STORED DATA:
◇ ◇ ◇ ◇ ◇ ◇ ◇

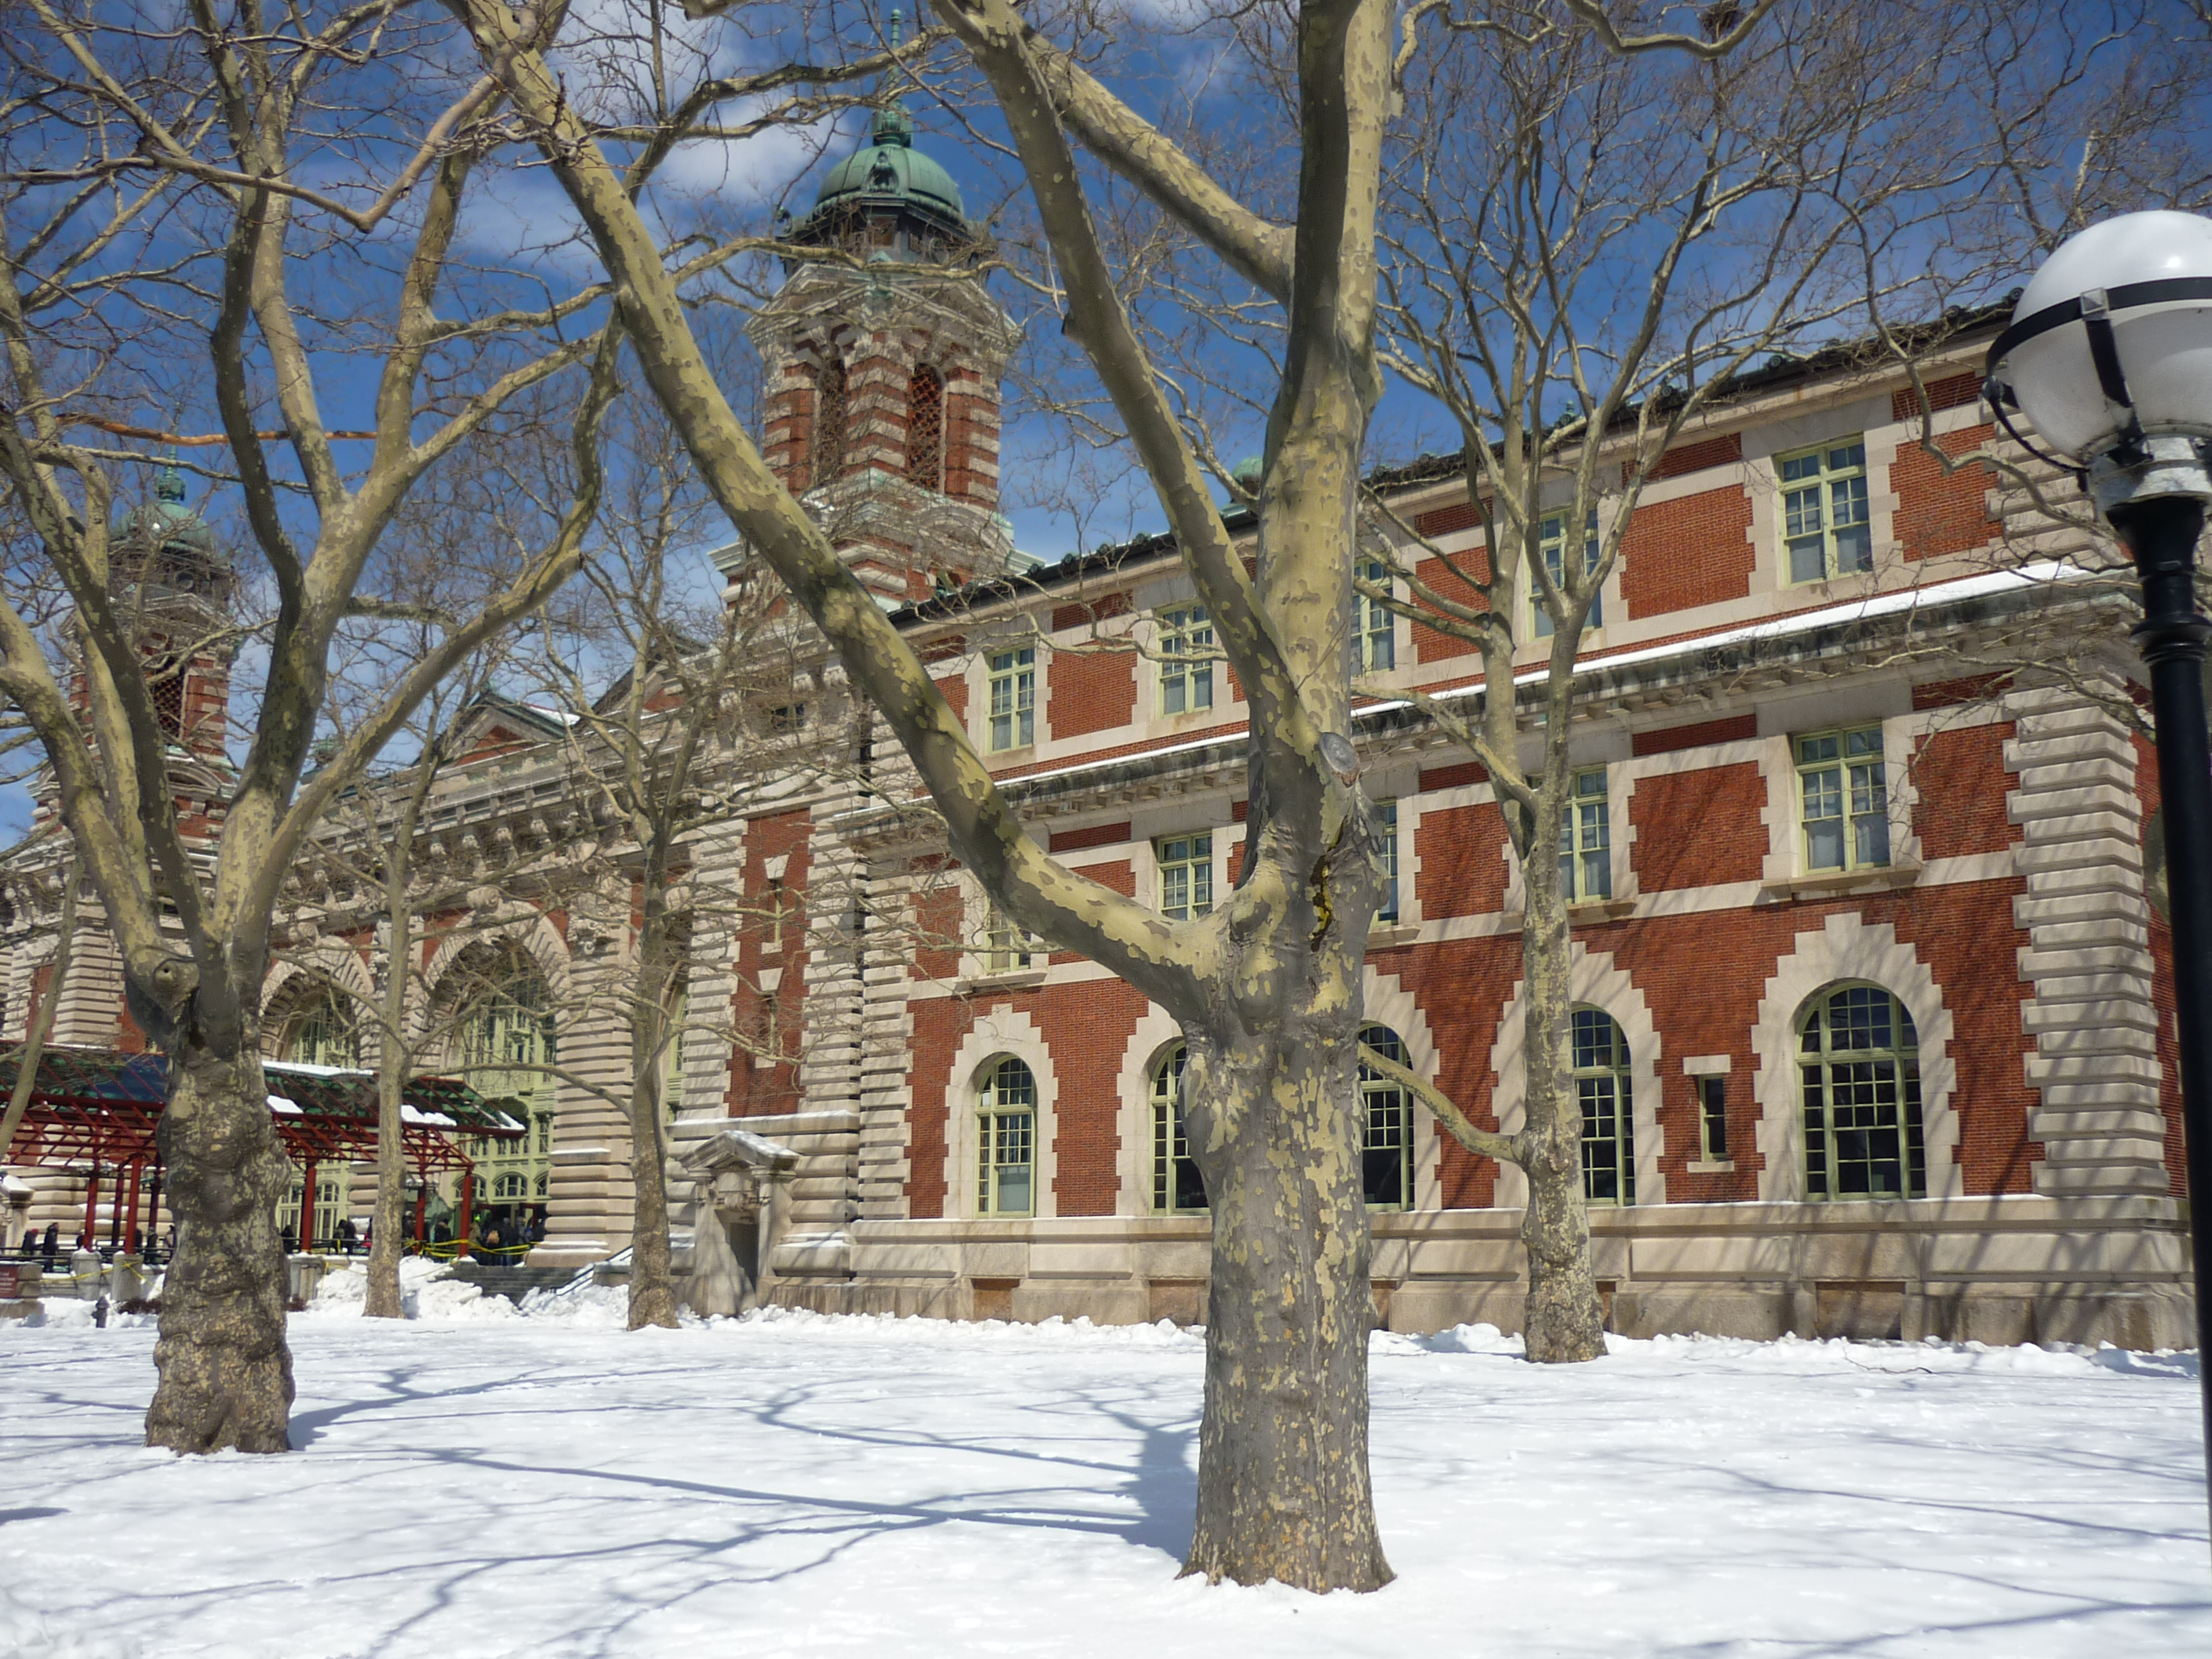 Entrance to main Ellis Island Building Entrance to main Ellis Island Building New York
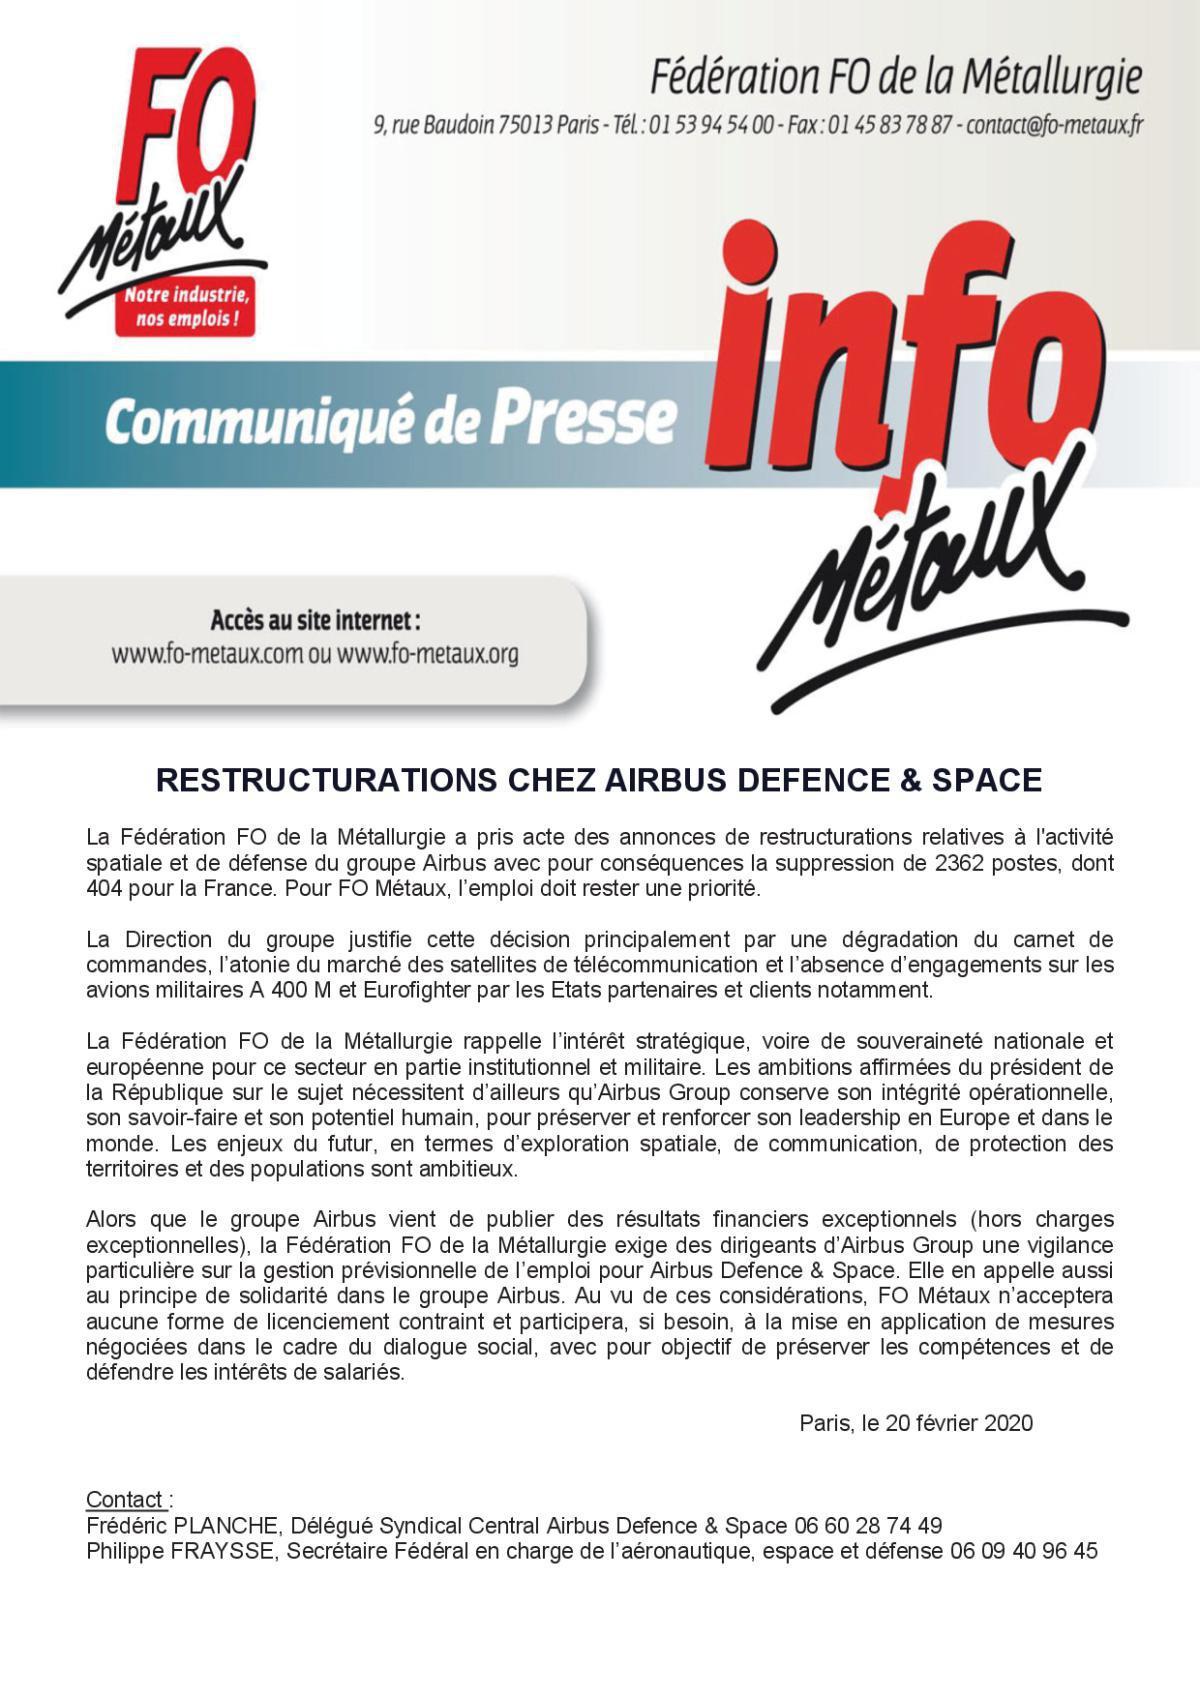 FO METAUX COMMUNIQUE DE PRESSE AIRBUS GROUP
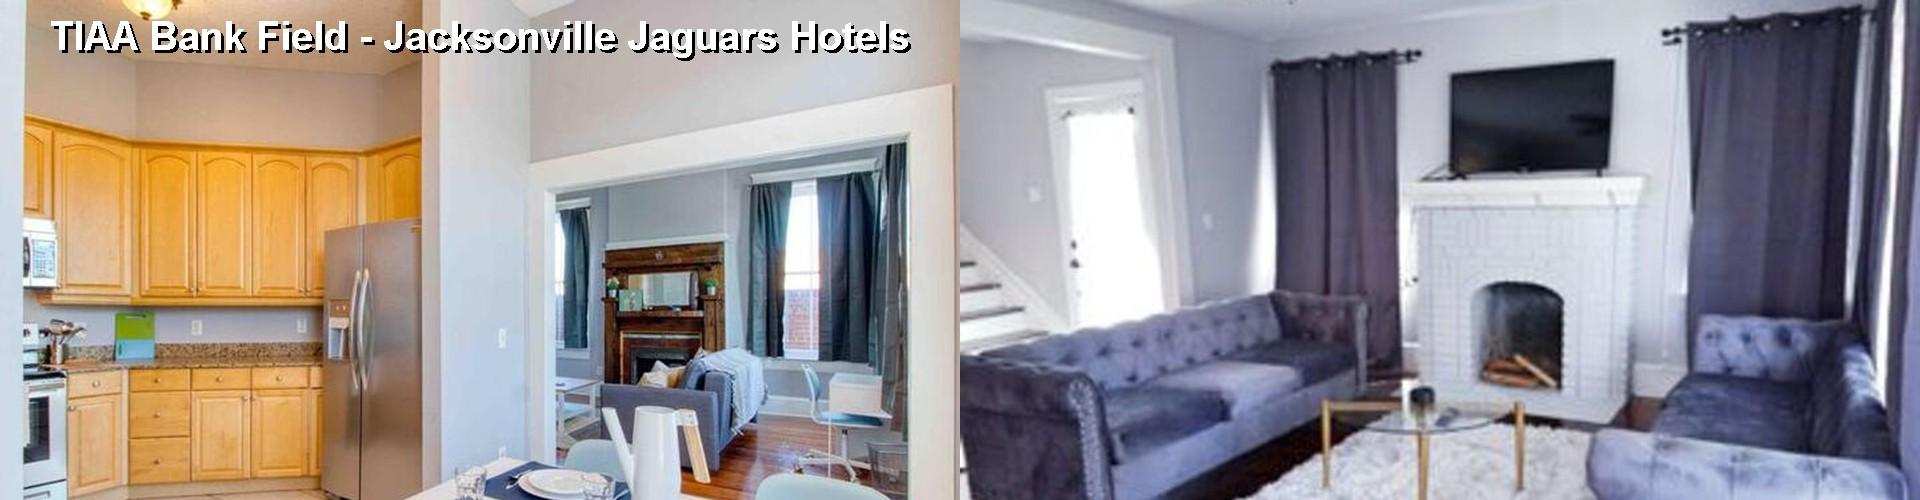 5 Best Hotels Near Jacksonville Munil Stadium Jaguars Alltel
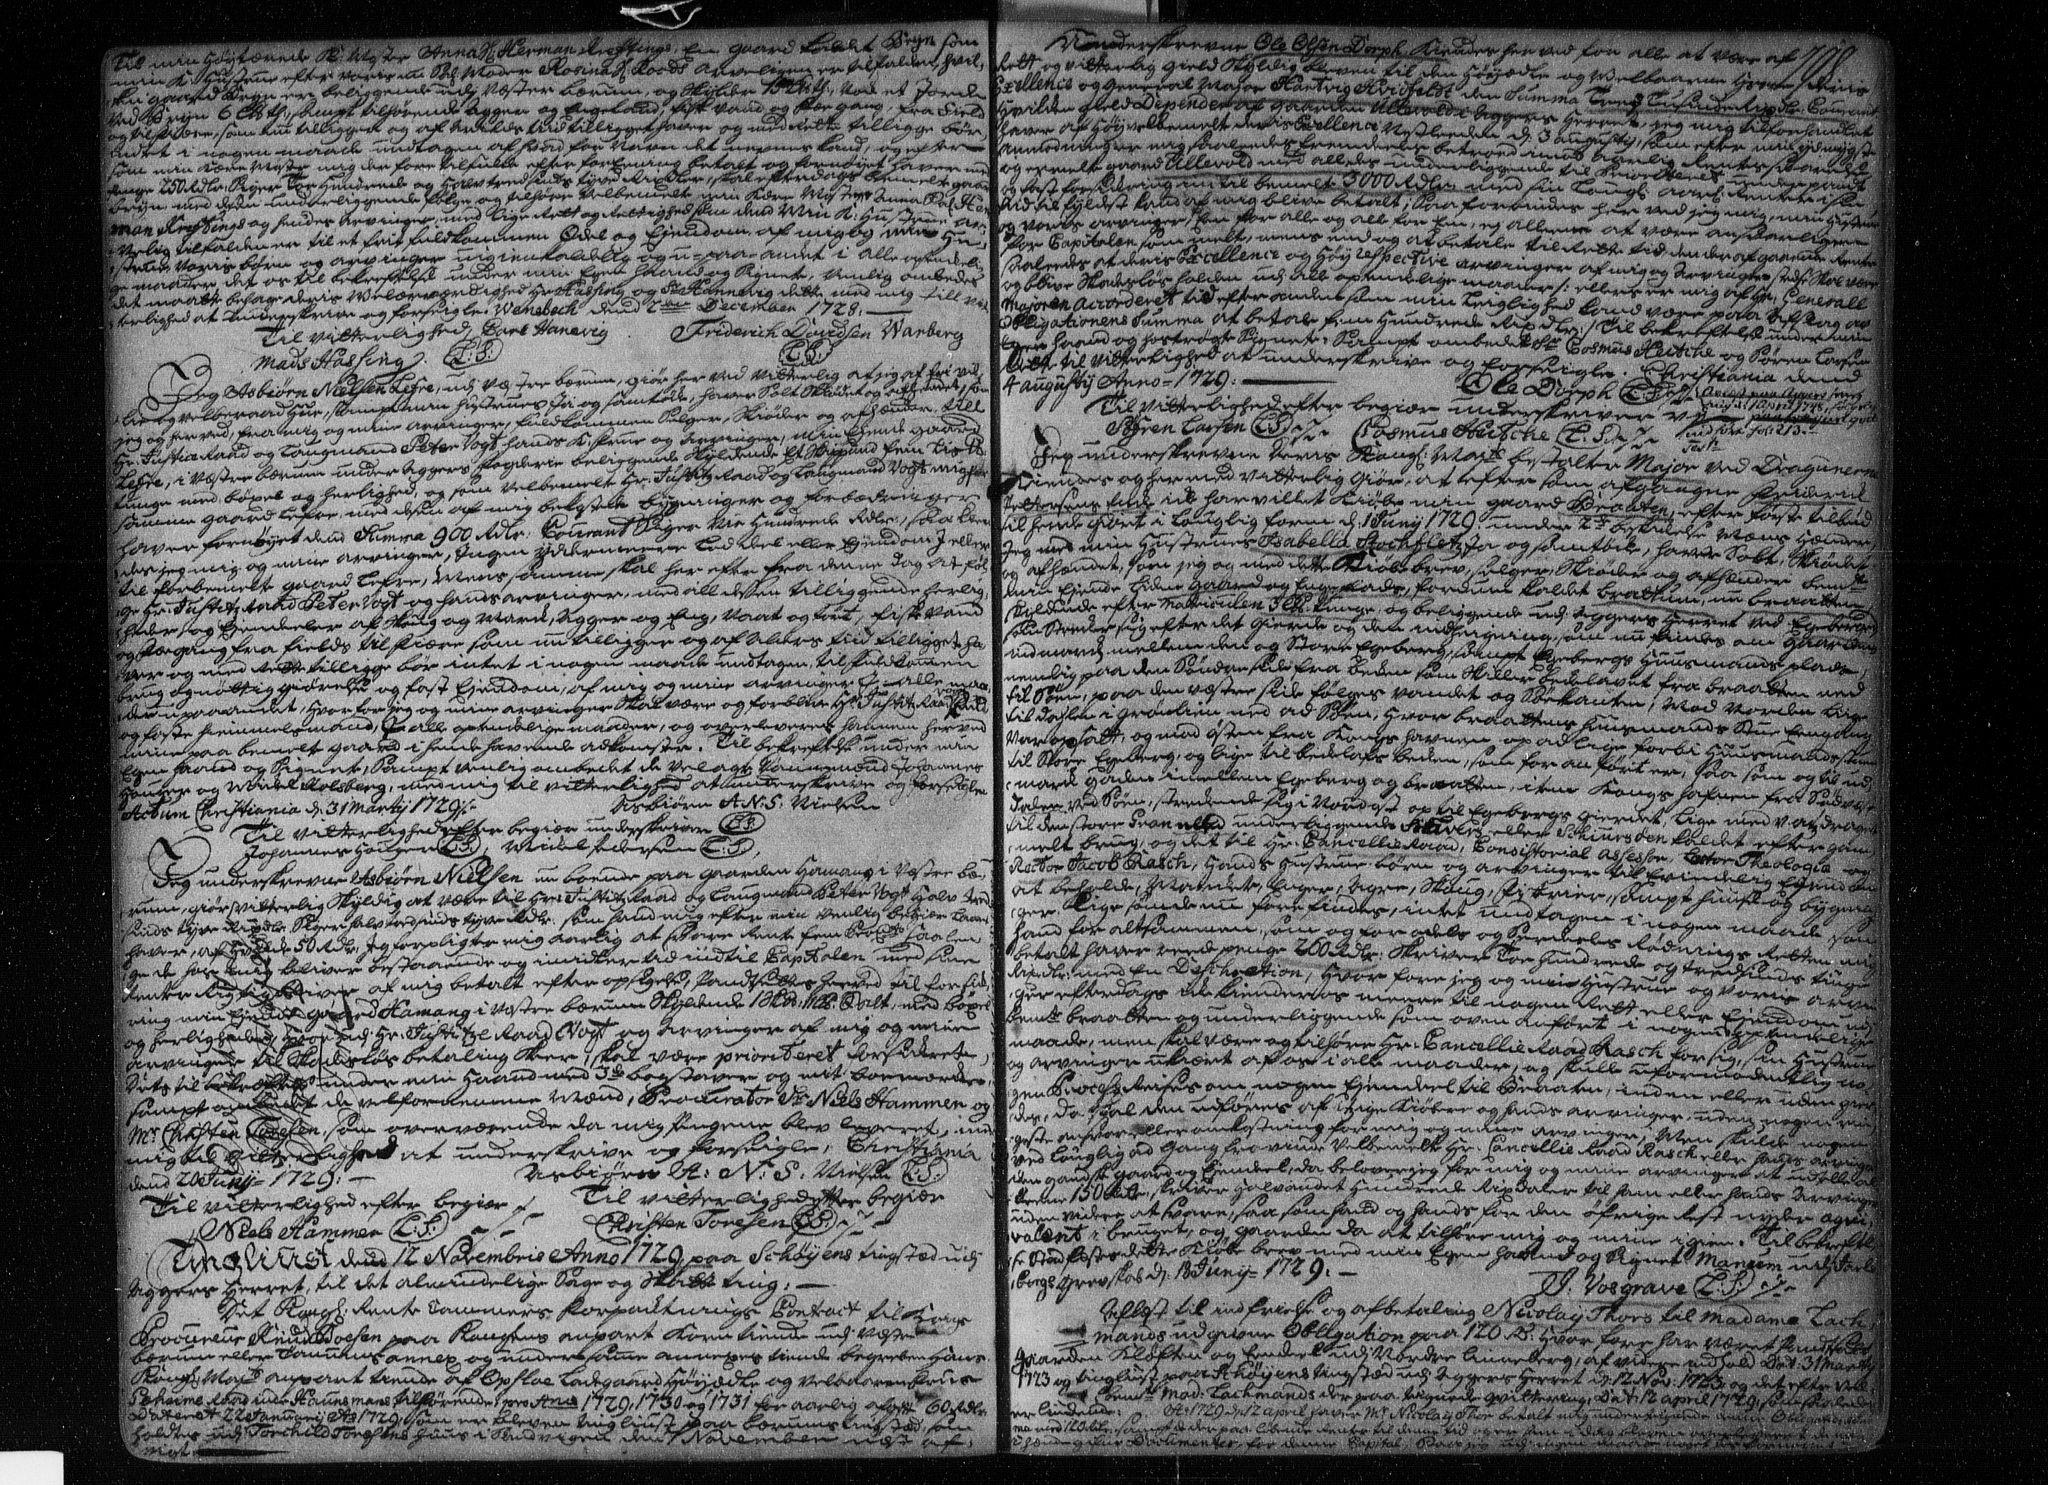 SAO, Aker sorenskriveri, G/Gb/Gba/L0001: Pantebok nr. I 1, 1710-1740, s. 198

◇ ◇ ◇ ◇ ◇ ◇ ◇

THE TASK: Every line of the data should be transcribed exactly. Omit the images.

COMPLETED TASK:
 Entrance to main Ellis Island Building Entrance to main Ellis Island Building New York
 FO METAUX COMMUNIQUE DE PRESSE AIRBUS GROUP
 5 Best Hotels Near Jacksonville Munil Stadium Jaguars Alltel
 SAO, Aker sorenskriveri, G/Gb/Gba/L0001: Pantebok nr. I 1, 1710-1740, s. 198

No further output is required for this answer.